Following centuries of relative ethnic diversity, the population of modern Poland has become nearly completely ethnically homogeneous Polish as a result of the radically altered borders as well as both the Nazi German and Soviet Russian or Polish Communist campaigns of genocide, expulsion and deportation (either from or to Poland) during and after World War II in the country, in addition to the earlier long processes of Polonization. Nevertheless, multiple ethnic minorities of various origin remain in Poland today, including some newly arrived or grown in size in recent decades.

Historical

Minorities in the Kingdom of Poland and the Polish–Lithuanian Commonwealth
Although the concept of an ethnic minority is mostly used with regard to a modern period, historically, Poland has been a very multi-ethnic country. Early on, the influx of Czech, Hungarian, Slovak, Jewish, and German settlers was particularly notable, forming significant minorities, or even majorities in urban centers. After the Polish–Lithuanian union of mid-14th century and the Union of Lublin formally establishing the Commonwealth in 1569, Lithuanians and Ruthenians constituted a major part of the Commonwealth populace.
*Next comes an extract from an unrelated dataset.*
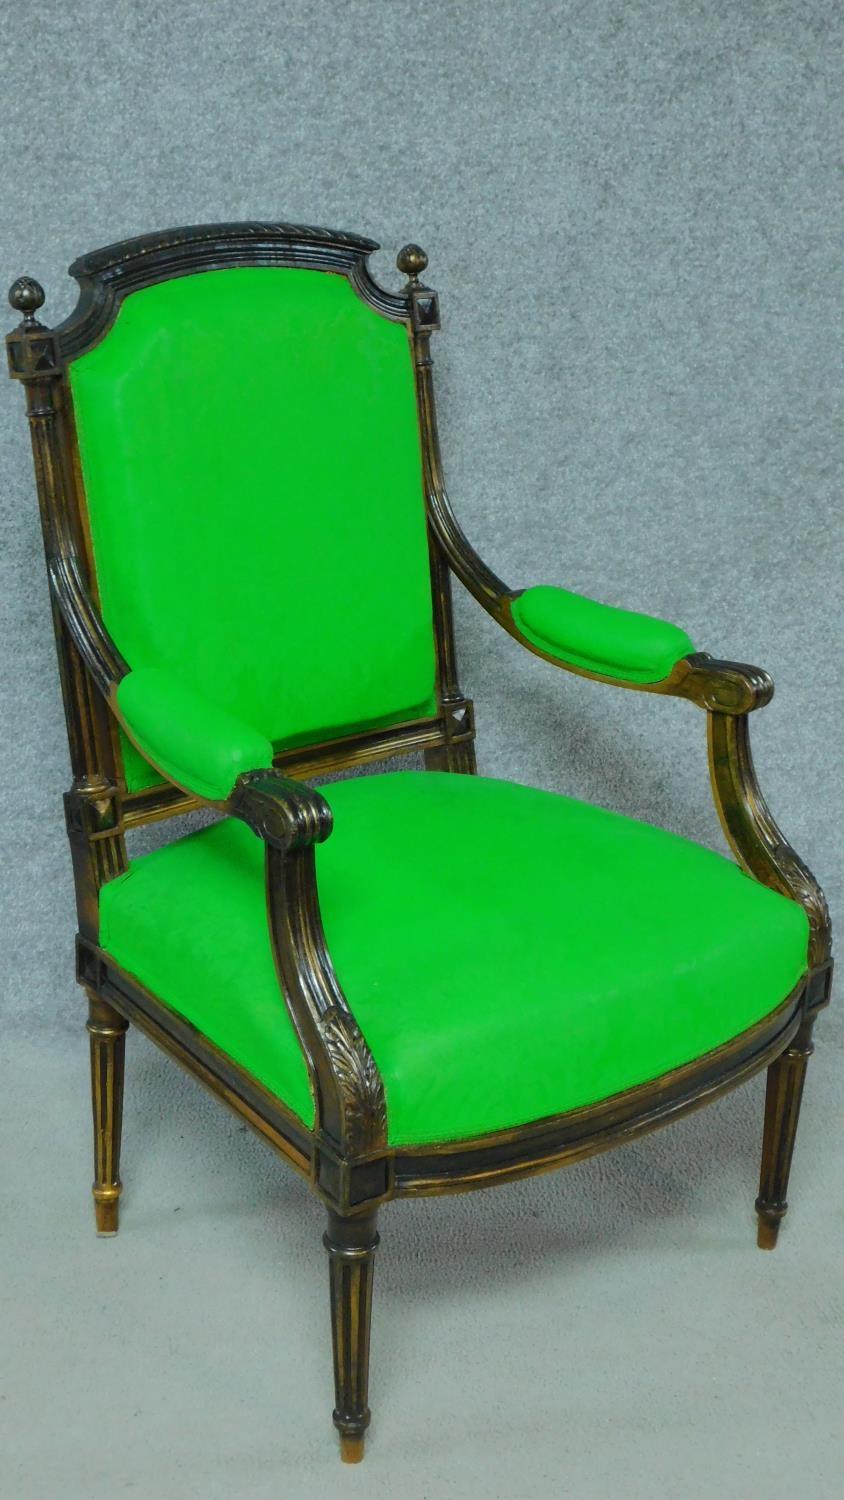 A 19th century French walnut armchair in vibrant green fabric painted upholstery. H.98cm - Image 2 of 4

An estimate for 1493 gives the combined population of Poland and Lithuania at 7.5 million, breaking them down by ethnicity at 
3.25 million Poles
3.75 million Ruthenians (modern day Ukrainians and Belarusians)
0.5 million Lithuanians

In 1618, after the Truce of Deulino the population of the Polish–Lithuanian Commonwealth increased together with its territory, reaching 12 million. Its inhabitants could be roughly divided into:
Poles – 4.5 million 
Ukrainians – 3.5 million 
Belarusians – 1.5 million 
Lithuanians – 0.75 million 
Prussians – 0.75 million 
Jews – 0.5 million 
Livonians – 0.5 million

At that time the szlachta, or Polish nobility, formed 10% and burghers, 15%.
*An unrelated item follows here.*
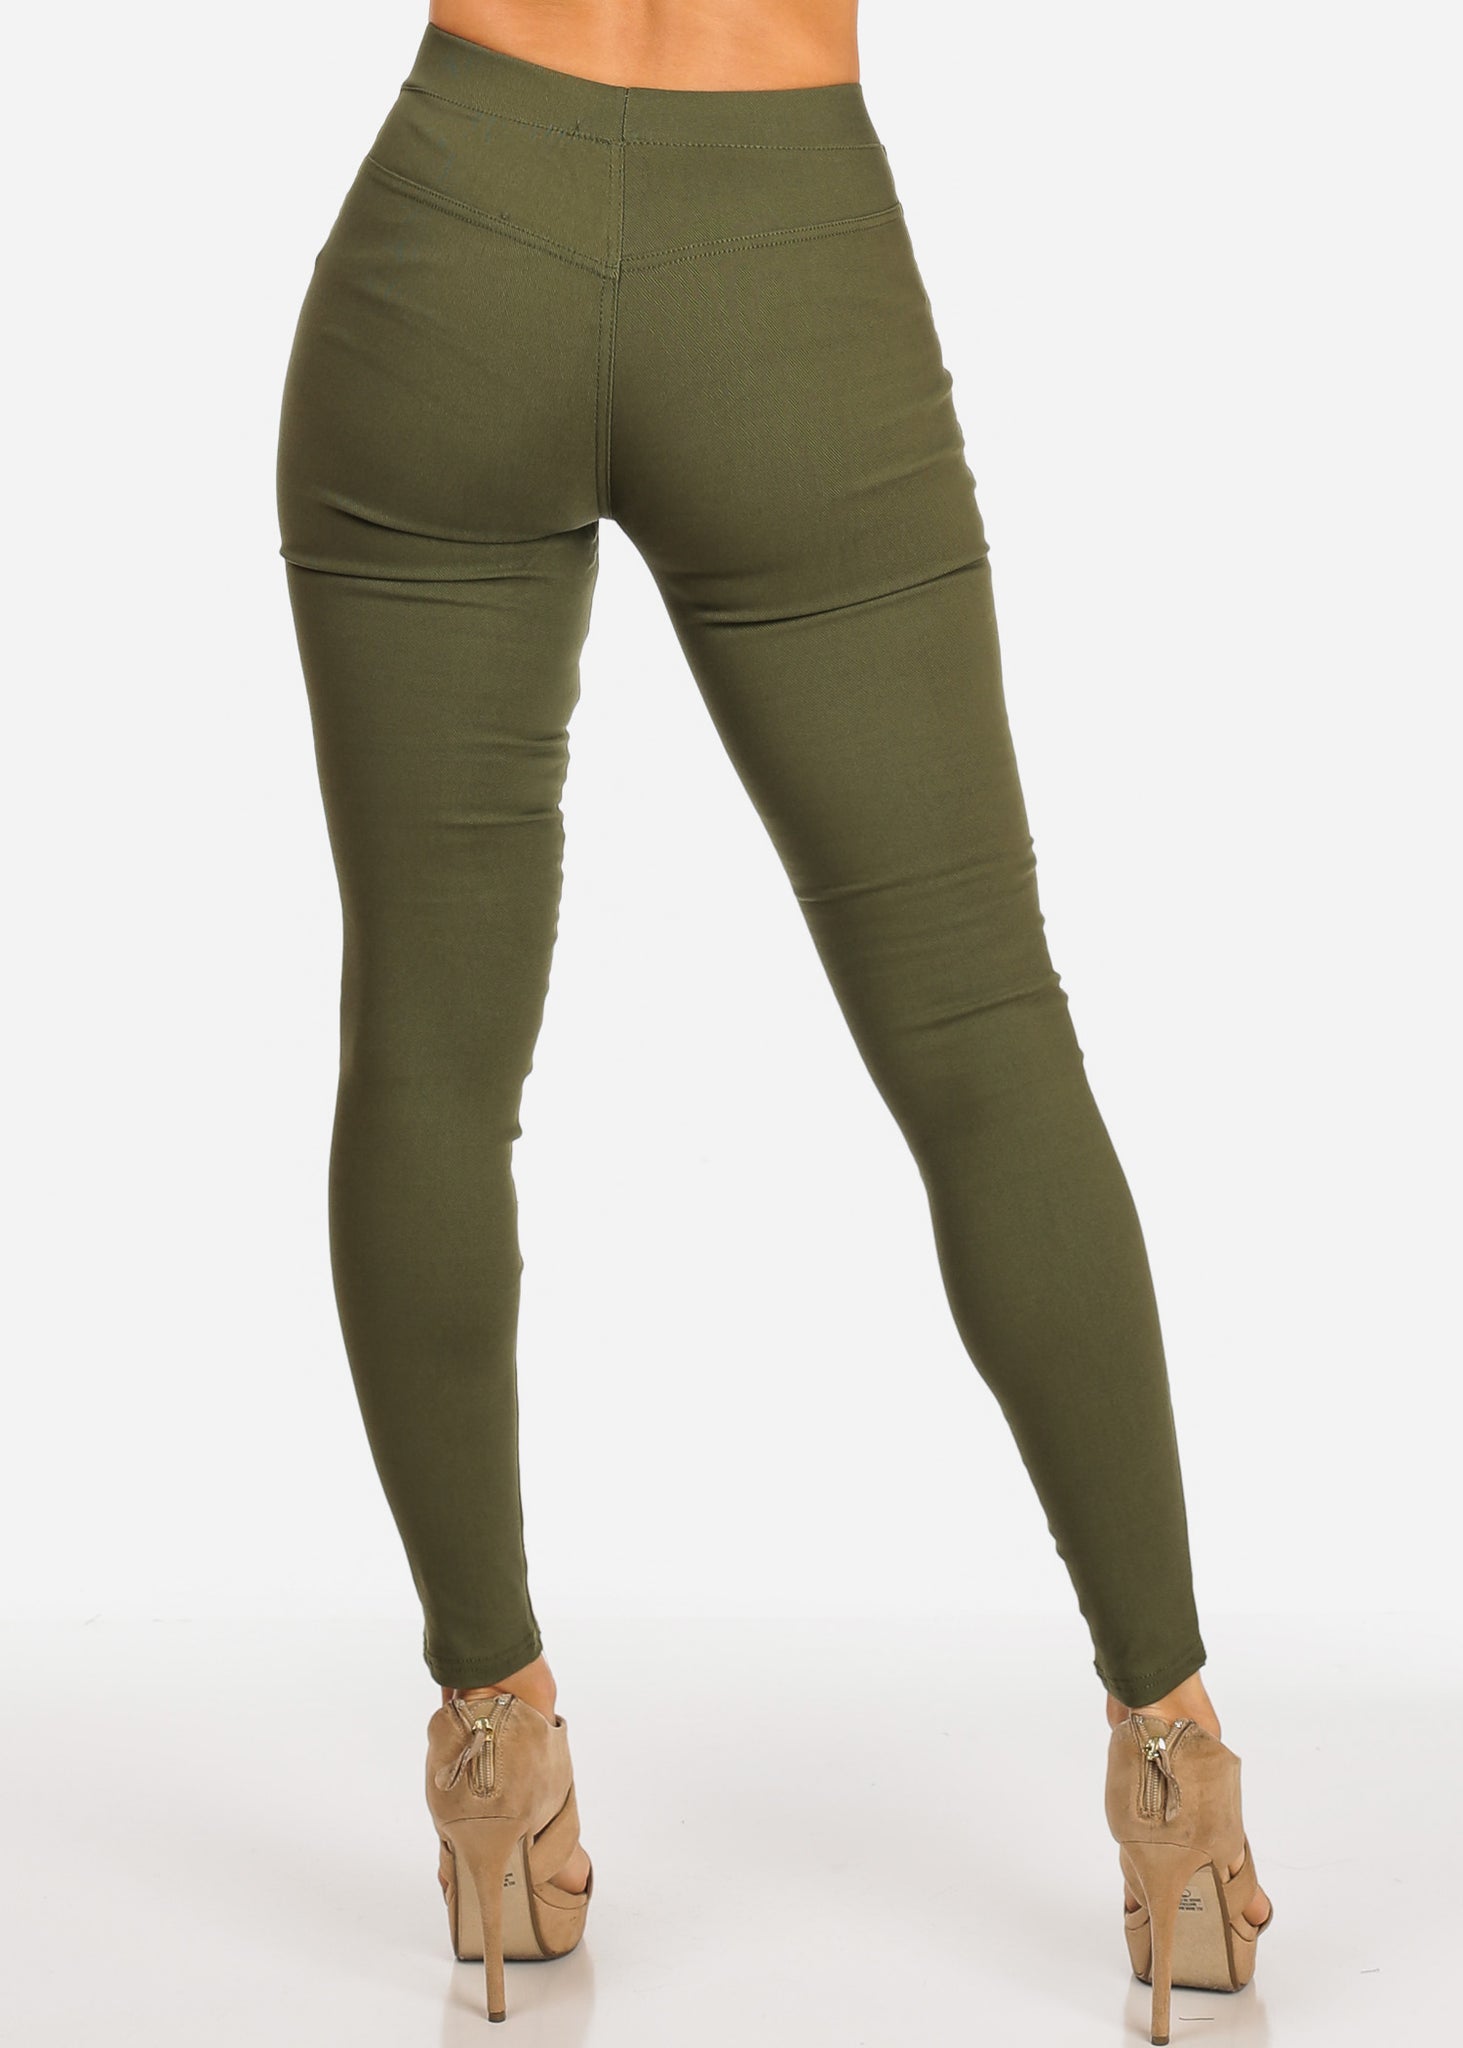 High Rise Women,s Olive Color Moto Knee Detail Leggings MTO-3 – One Size  Fits

With the population and territorial losses of the mid and late-17th century, in 1717 the population of the Commonwealth had declined to only 9 million, which breaks down into the following ethnic groups:
4.5 million Poles
1.5 million Ukrainians 
1.2 million Belarusians 
0.8 million Lithuanians 
0.5 million Jews 
0.5 million others

Minorities in the Second Republic

The census of 1921 allocates 30.8% of the population in the minority. This was further exacerbated with the Polish victory in the Polish-Soviet War, and the large territorial gains in the east, made by Poland as a consequence. According to the 1931 Polish Census (as cited by Norman Davies), 68.9% of the population was Polish, 13.9% were Ukrainians, around 10% Jewish, 3.1% Belarusians, 2.3% Germans and 2.8% – others, including Lithuanians, Czechs and Armenians. Also, there were smaller communities of Russians, and Romani. The situation of minorities was a complex subject and changed during the period.
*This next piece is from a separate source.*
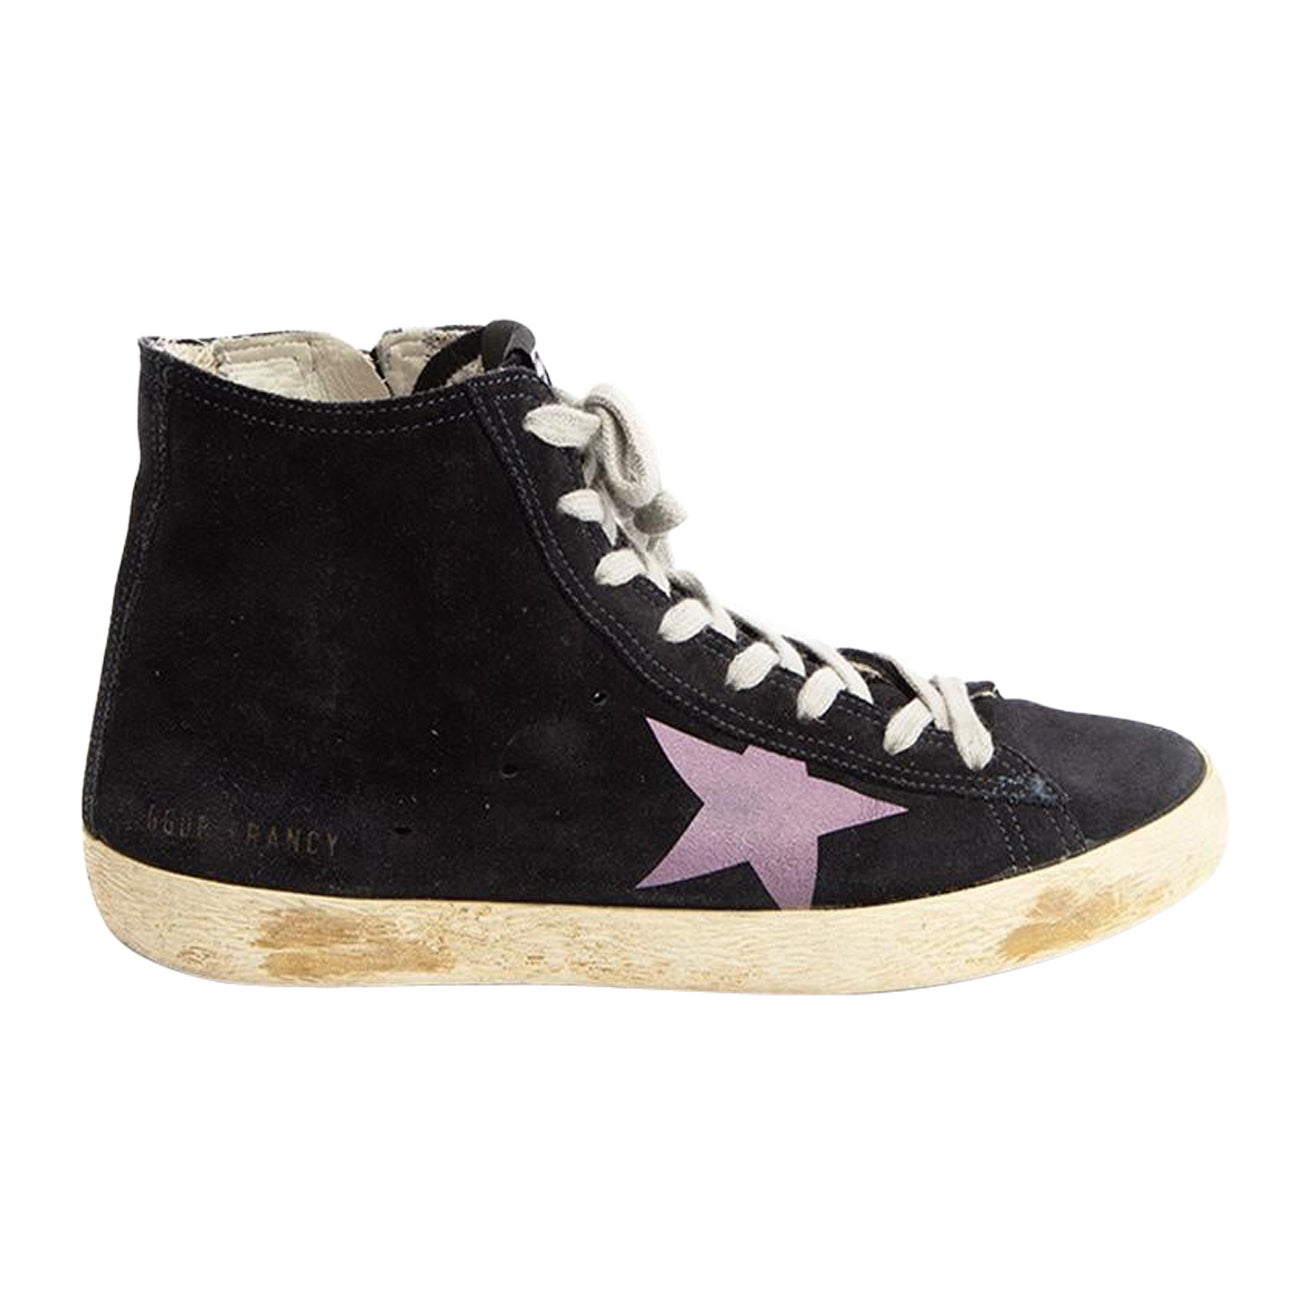 Black Suede Francy High Top Trainers Size IT 37

Poland was also a nation of many religions. In 1921, 16,057,229 Poles (approx. 62.5%) were Roman (Latin) Catholics, 3,031,057 citizens of Poland (approx. 11.8%) were Eastern Rite Catholics (mostly Ukrainian Greek Catholics and Armenian Rite Catholics), 2,815,817 (approx. 10.95%) were Greek Orthodox, 2,771,949 (approx. 10.8%) were Jewish, and 940,232 (approx. 3.7%) were Protestants (mostly Lutheran). By 1931, Poland had the second largest Jewish population in the world, with one-fifth of all the world's Jews residing within its borders (approx. 3,136,000).

Modern

Minorities during the People's Republic
Before World War II, a third of Poland's population was composed of ethnic minorities. After the war, however, Poland's minorities were mostly gone, due to the 1945 revision of borders, and the Holocaust. Under the National Repatriation Office (Państwowy Urząd Repatriacyjny), millions of Poles were forced to leave their homes in the eastern Kresy region and settle in the western former German territories. At the same time, approximately 5 million remaining Germans (about 8 million had already fled or had been expelled and about 1 million had been killed in 1944-46) were similarly expelled from those territories into the Allied occupation zones. Ukrainian and Belarusian minorities found themselves now mostly within the borders of the Soviet Union; those who opposed this new policy (like the Ukrainian Insurgent Army in the Bieszczady Mountains region) were suppressed by the end of 1947 in the Operation Vistula.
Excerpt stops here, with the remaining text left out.